We now have 48 control files (6 models $\times$ 8 points). Each one of us picks 1-2 control files and runs them.

You can check that your directory and file structure resembles the diagram above (Note: the above diagram is shortened and does not show the directories for models 2 to 5).

cd ~/DAY-4
tree
# or:  tree --charset=ascii

Select a model (say X) and one of the 8 files (say Y), and run bpp. IMPORTANT: Change X and Y in the following command to the numbers you picked:

cd ~/DAY-4/BPP/bf/modelX/Y
bpp --cfile modelX.ctl.Y

Each modelX folder contains a file called betaweights.csv (depending on BPP version, it may be called modelX.ctrl.betaweights.csv; we will refer to it as betaweights.csv, therefore simply rename to betaweights.csv). We can make use of that file to calculate the marginal log-likelihood once the 8 runs for model X finish. The file has three columns: beta (beta value), weight (quadrature weight), ElnfX (average log-likelihood for power beta). The first two columns are already filled by BPP, and we need to fill the last column with the output from BPP. At the end of each run you will notice a line:

BFbeta = B E_b(lnf(X)) = L

you can also obtain the value by grepping the output file with BFbeta, once your run finishes:

grep BFbeta out.modelX.txt

you can copy value L into the correspodning line in betaweights.csv. Make sure the value in the beta column matches the BPP output.

As we might not be able to finish all runs in time during the tutorial, the below table contains the output files of the 48 runs:

Model 8 output files
1 bf-small-out1.tar.gz
2 bf-small-out2.tar.gz
3 bf-small-out3.tar.gz
4 bf-small-out4.tar.gz
5 bf-small-out5.tar.gz
6 bf-small-out6.tar.gz

Once the betaweights.csv is complete, we can calculate the marginal log-likelihood for the model with the Equation:

$$ \log f(X\ |\ M) \approx \frac{1}{2} \sum_{i=1}^n w_i \times {\cal E}_{\beta_i} \{\log f(X\ |\ \theta)\} $$

In other words, pairwisely multiply the columns weight and ElnfX, add up the products and divide by two. You can do that with the following command:

cut -f 2,3 -d',' betaweights.csv | tail -n +2 | awk -F ',' '{printf "%.6f\n", $1 * $2}' | paste -sd+ | bc -l | awk '{printf "%.6f\n", $1/2}'

Create a table of marginal log-likelihoods for the six models:

Model $\log f(X \mid M)$
1
2
3
4
5
6

and we should be able to calculate log-scale Bayes factors by subtracting marginal log-likelihoods. For example, to compare model 3 and 6:

$$ B_{36} = \log f(X \mid M_3) - \log f(X \mid M_6) $$

Exercise: Below is a table with our completed larger runs with 16 points. You can download the completed betaweights.csv and try to calculate the marginal log-likelihood for each model, and then decide which model is the most probable. Compare also the marginal likelihoods with the ones produced from the smaller runs with 8 points.

Model Beta weights file
model-1.tar.gz betaweights.csv
model-2.tar.gz betaweights.csv
model-3.tar.gz betaweights.csv
model-4.tar.gz betaweights.csv
model-5.tar.gz betaweights.csv
model-6.tar.gz betaweights.csv

Marginal likelihood calculation results.

Bayes factor approximation with the Savage-Dickey density ratio

An approximation of Bayes factors can be done using the Savage-Dickey density ratio when the models we are comparing are nested, thus avoiding the expensive quadrature algorithm.
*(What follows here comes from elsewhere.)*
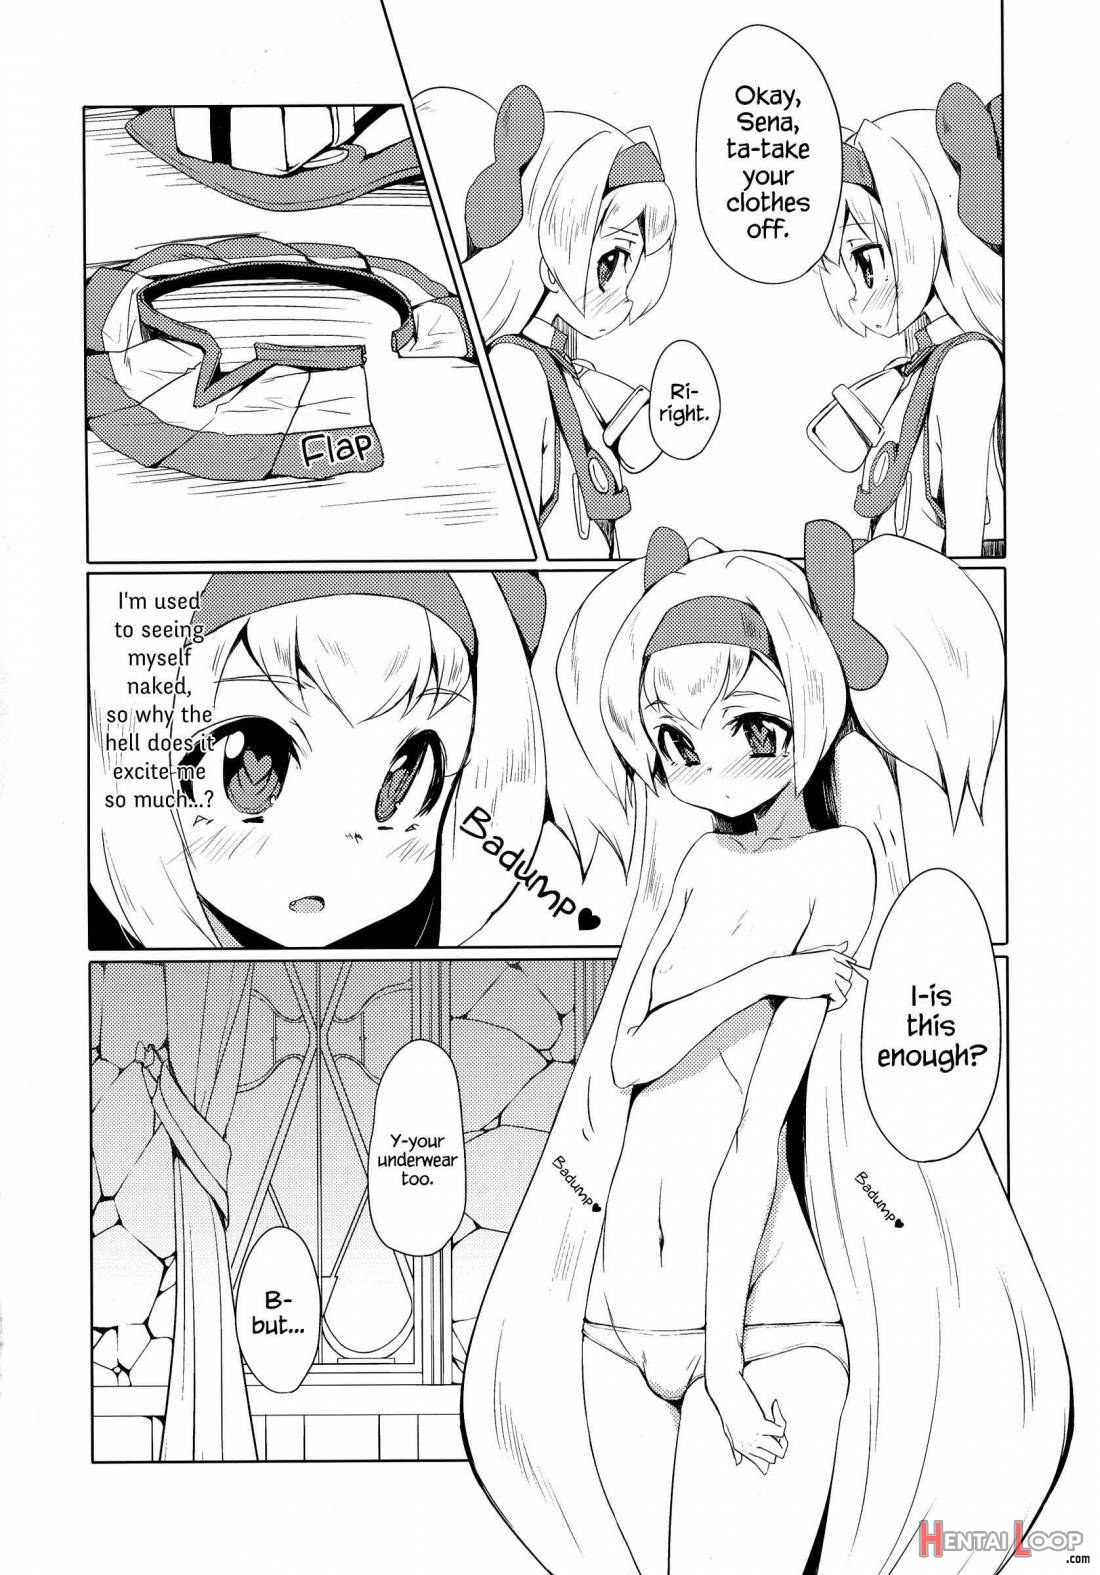 Hime-shiki Shitsuke 2 page 8

Suppose $(\phi^{(1)},\phi^{(2)},\ldots,\phi^{(N)})$ is an MCMC sample from the posterior $\pi(\phi\ |\ X)$. These are the $\phi$ values (introgression probability) sampled during the MCMC, with the values for other parameters ignored.

We define a null region or region of null effects, $ø : |\phi - \phi_0| < \varepsilon$, inside which $\phi$ is very close to $\phi_0$. The null region is a small part of the parameter space for $M_1$ that represents $M_0$. We then define a Bayes factor to represent the evidence for $M_1$:

$$ B_{10,\varepsilon} = \frac{1 - \mathbb{P}(ø\ |\ X)}{\mathbb{P}(ø\ |\ X)} / \frac{1 - \mathbb{P}(ø)}{\mathbb{P}(ø)} \approx \frac{\mathbb{P}(ø)}{\mathbb{P}(ø\ |\ X)}$$

The above equation expresses the bayes factor as a ratio of prior and posterior probabilities of the null region for model M1. Note: this is not a log Bayes factor.
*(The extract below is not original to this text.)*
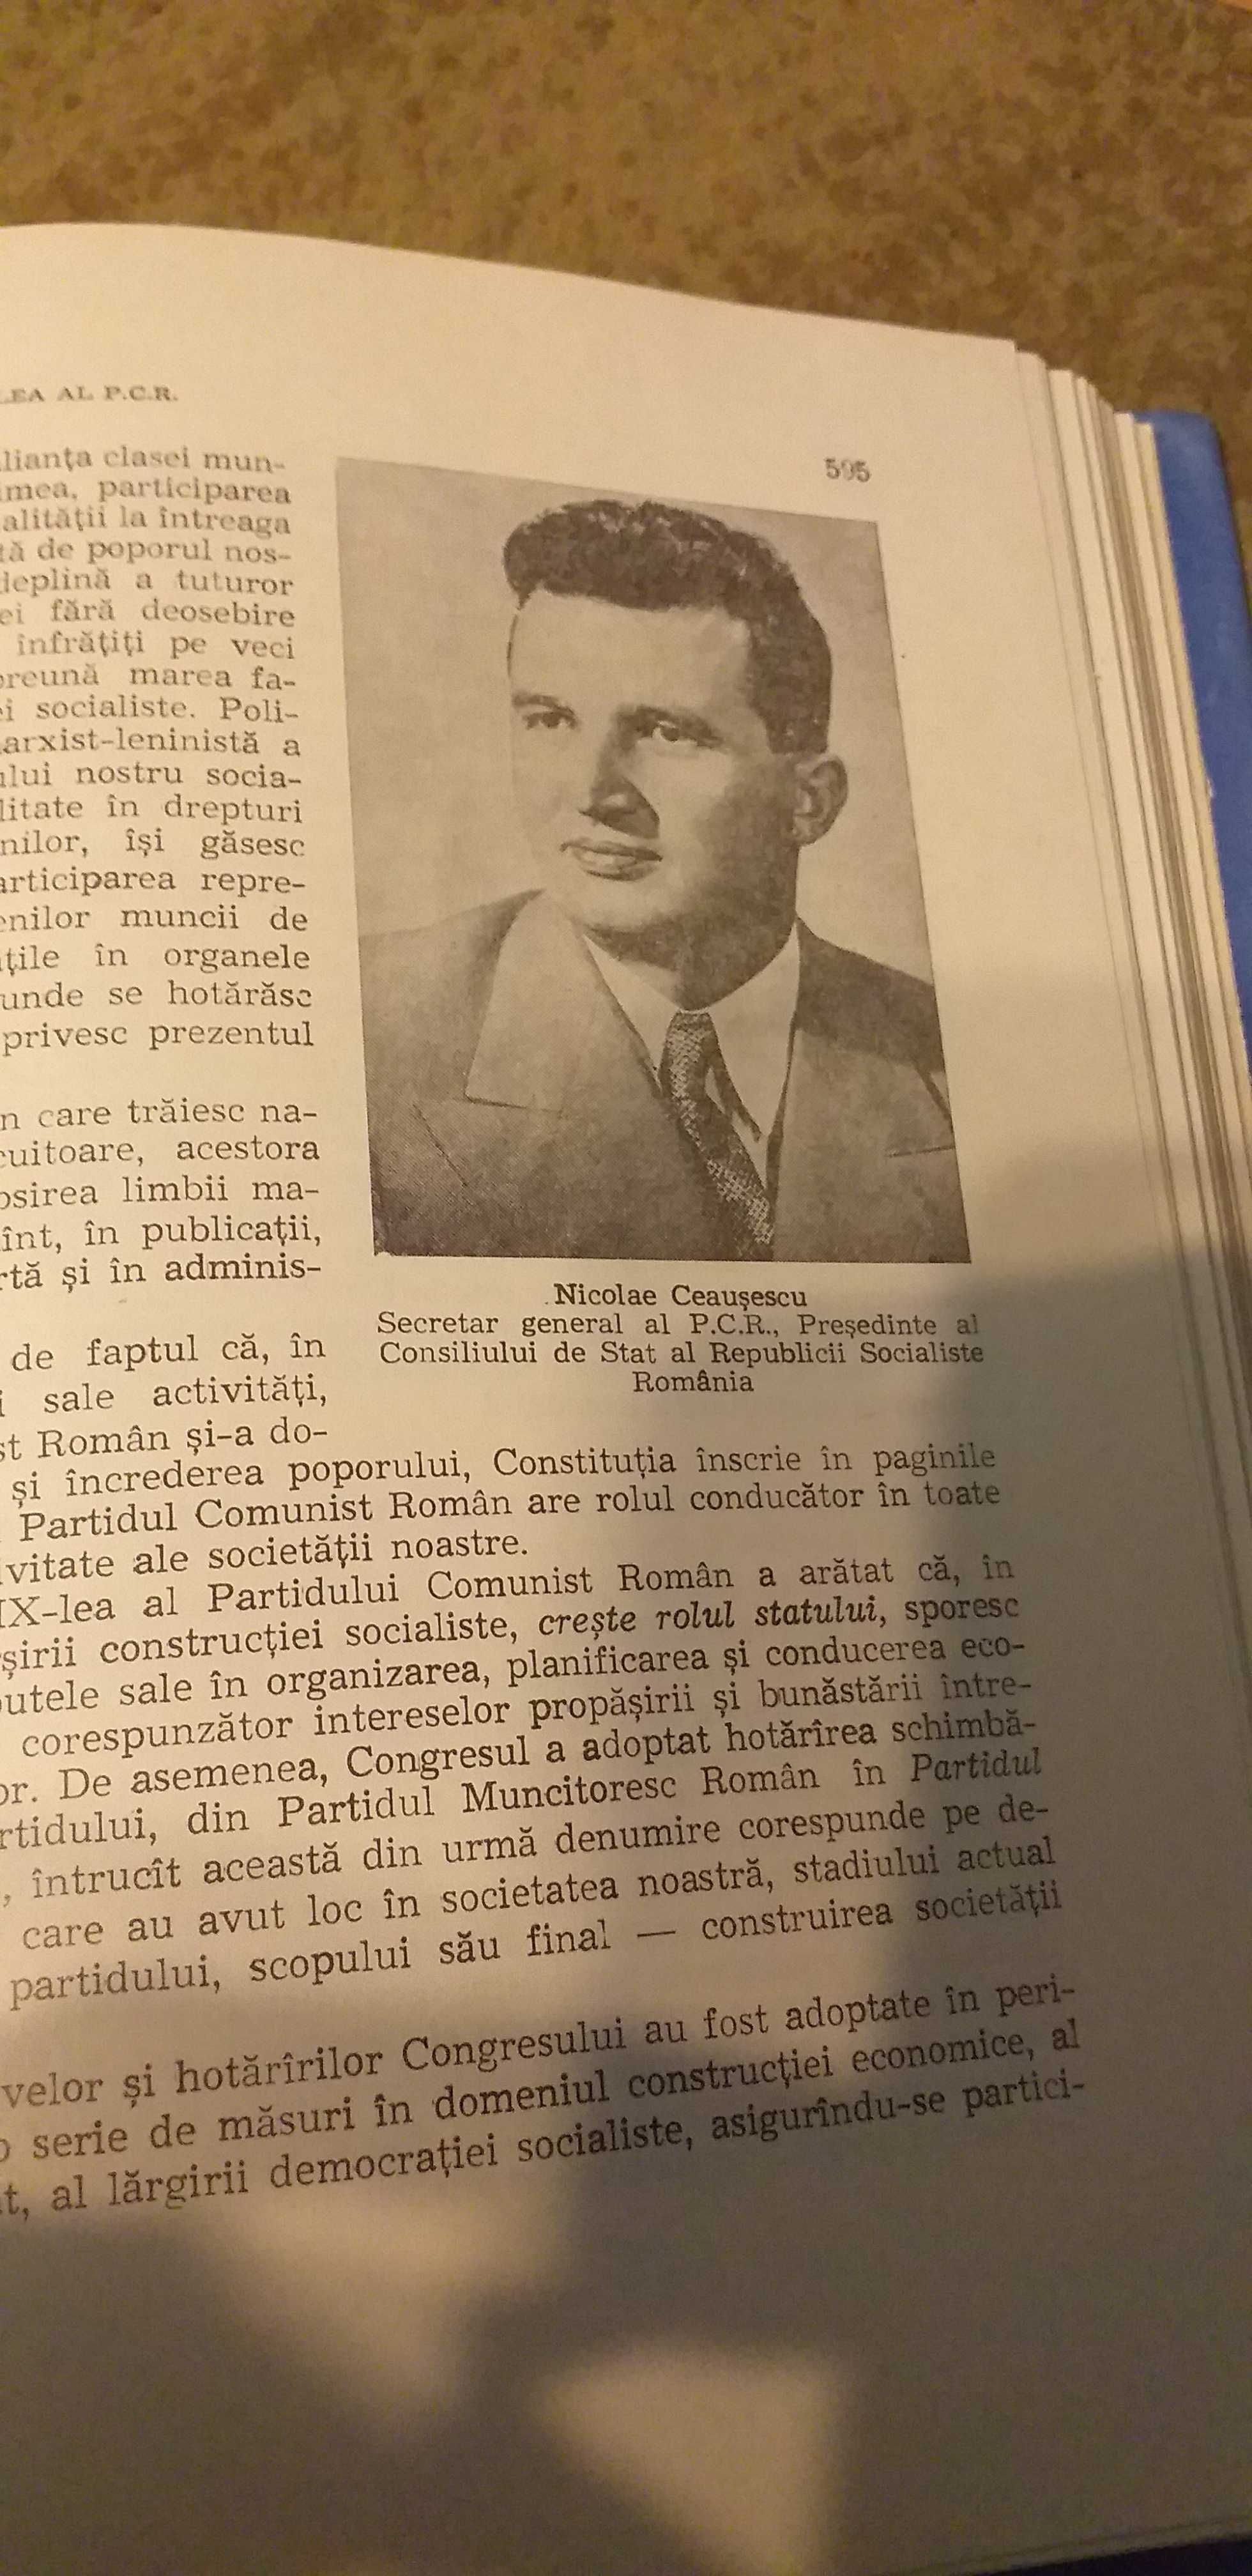 Carte excepțională "Istoria României"

For comparing Model 2 (introgression from A. digitata into A. grandidierii) against Model 1 (no gene flow) we have $\phi_0 = 0$ (no gene flow) and use a cutoff value of 0.01. We calculate the posterior as the proportion of $\phi$ samples inside Model 2 MCMC file smaller than the cutoff. The prior is simply the cumulative density function for our cutoff value. In our case the prior is $Beta(a,b)$. The Bayes factor is the ratio of the prior and the posterior. The python code below illustrates the calculation.

import pandas as pd

# set our cutoff
cutoff = 0.01

# read the MCMC file for model 2 as a table
data = pd.read_table('mcmc.model2.txt')

# posterior is the proportion of phi samples smaller than cutoff in the MCMC file
posterior =  len(data.loc[data['phi_x<-w'] < cutoff]) / len(data)

# calculate prior
# Note: the prior can be calculated using: scipy.stats.beta.cdf(cutoff,a=1,b=1)
# but since Beta(a=1,b=1) corresponds to the uniform distribution, then the cdf = cutoff.
prior = cutoff

# calculate bayes factor
bf = prior / posterior

You can download the following script file:

wget https://raw.githubusercontent.com/bpp/bpp-tutorial-geneflow/main/fourth-day/scripts/savage-dickey.py
chmod +x savage-dickey.py
./savage-dickey.py 0.01 "phi:14<-10:x<-w" 1 1 mcmc.model2.txt

Note: it's important to enclose the column name "phi_x<-w" in quotes to escape the character <-, which may otherwise cause issues with the linux shell (bash).

The syntax is: ./savage-dickey.py cutoff column beta_prior_a beta_prior_b mcmcfile

Below is a table of completed long runs for the six models. You can use those to calculate the Savage-Dickey density ratio.

Model
model1-large.tar.gz
model2-large.tar.gz
model3-large.tar.gz
model4-large.tar.gz
model5-large.tar.gz
model6-large.tar.gz

Exercise: Compare models 2 and 3 against model 1. Use the MCMC files from the above table and the savage-dickey.py script.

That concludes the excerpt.